Dysphagia, or swallowing dysfunction, is a common symptom of Friedreich ataxia. Swallowing becomes difficult as FA advances and there is more and more loss of coordination, weakness, spasticity, or shaking.
Swallowing impairment can occur in the mouth, the pharynx or cavity behind the nose and mouth, and the esophagus or food pipe.
Dysphagia begins gradually in FA, usually with swallowing problems first appearing in the mouth. FA can affect the brain in a way that reduces the speed and coordination of mouth and pharynx muscles, making it difficult to swallow food and drink.
A study found no significant correlations between the severity of dysphagia and the genetic cause of the disease, the age when a person develops FA or the severity of the disease.
Symptoms of dysphagia in Friedreich’s ataxia
One of the most common symptoms of dysphagia is difficulty controlling food or drink in the mouth. This includes food pocketing, or food getting stuck in the cheek, and food sticking in the throat. Other symptoms are difficulty chewing food, dribbling food or drink, coughing or choking when food is entering the mouth, and nasal regurgitation of food or drink — that is, the materials coming out of the nose.
Choking or airway infections can occur if food enters the airways. Swallowing may become even more difficult when a patient has posture or hand-to-mouth coordination difficulties.

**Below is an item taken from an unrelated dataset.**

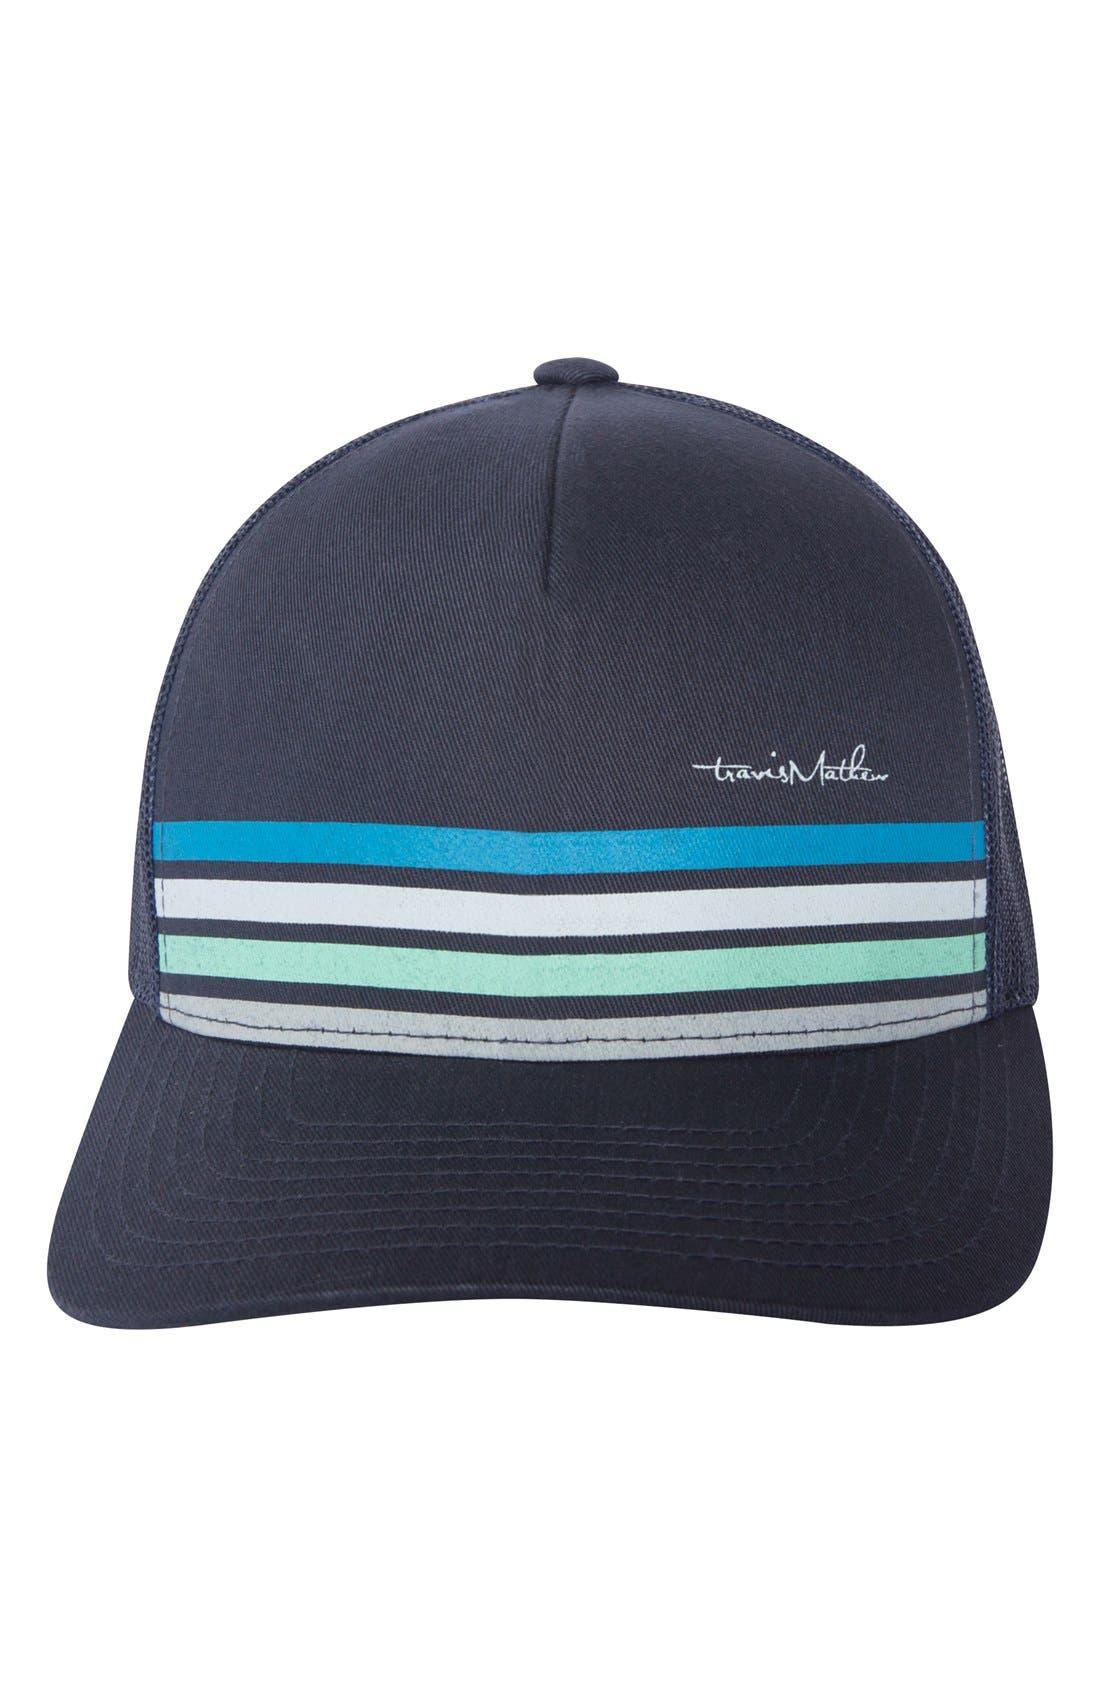 Main Image - Travis Mathew 'Hoover' Hat

Patients with dysphagia are at risk of malnutrition, weight loss, poor oral hygiene, dehydration, and recurrent chest infections.
Dysphagia can have a significant impact on quality of life. Patients report fear of choking, taking extra time for meals, and avoiding specific food or liquids. Embarrassment associated with eating and drinking also can prompt FA patients to avoid social gatherings.
Patients are at additional risk of dysphagia-related cognitive impairment. This is a reduced ability to recognize what constitutes safe eating and drinking.
Assessment of dysphagia in Friedreich’s ataxia
A speech and language therapist assesses dysphagia. The work starts with a comprehensive case history from the patient, his or her family, and caregivers. The history covers dysphagia symptoms; current eating and drinking behavior, including dietary preferences; a patient’s nutritional status; and any food supplements the patient takes.
The therapist examines a patient’s eating, movement, and sensory functions, with a particularly close look at what happens when the patient eats. The therapist may also use imaging to assess a person’s ability to swallow. Techniques include video fluoroscopy, an x-ray procedure, and a fiberoptic endoscopic evaluation of swallowing, which involves putting a thin tube with a camera on it down the mouth to see how a person swallows.
Treating dysphagia in Friedreich’s ataxia
A multidisciplinary team manages dysphagia: speech and language therapists, dieticians, physiotherapists, and occupational therapists. The dietician ensures that a patient obtains optimal nutrition and liquids through the mouth or another way. The physiotherapist and occupational therapist ensure the optimal positioning of aids to deliver food to the mouth. They also may suggest muscle strengthening exercises for swallowing.
Other dysphagia management techniques include having a patient eat food that is not difficult to swallow. Another technique is teaching a patient safe swallowing. One approach is using the chin tuck position, where the chin is tucked to the chest while swallowing. Another is double swallowing or two swallows per mouthful of food.
Other dysphagia management techniques include teaching a patient throat clearing, proper posture, and food-consumption set-up, advising them to eat slowly and take small sips, advising them to avoid talking with food or drink in the mouth, and providing them with oral hygiene advice.
Severe dysphagia may require feeding alternatives, such as percutaneous endoscopic gastrostomy (PEG) tube feeding. It involves making an insertion in the abdominal wall that allows a feeding tube to be run into the stomach. This option is used when patients are no longer able to consume food or drink by mouth to sustain themselves.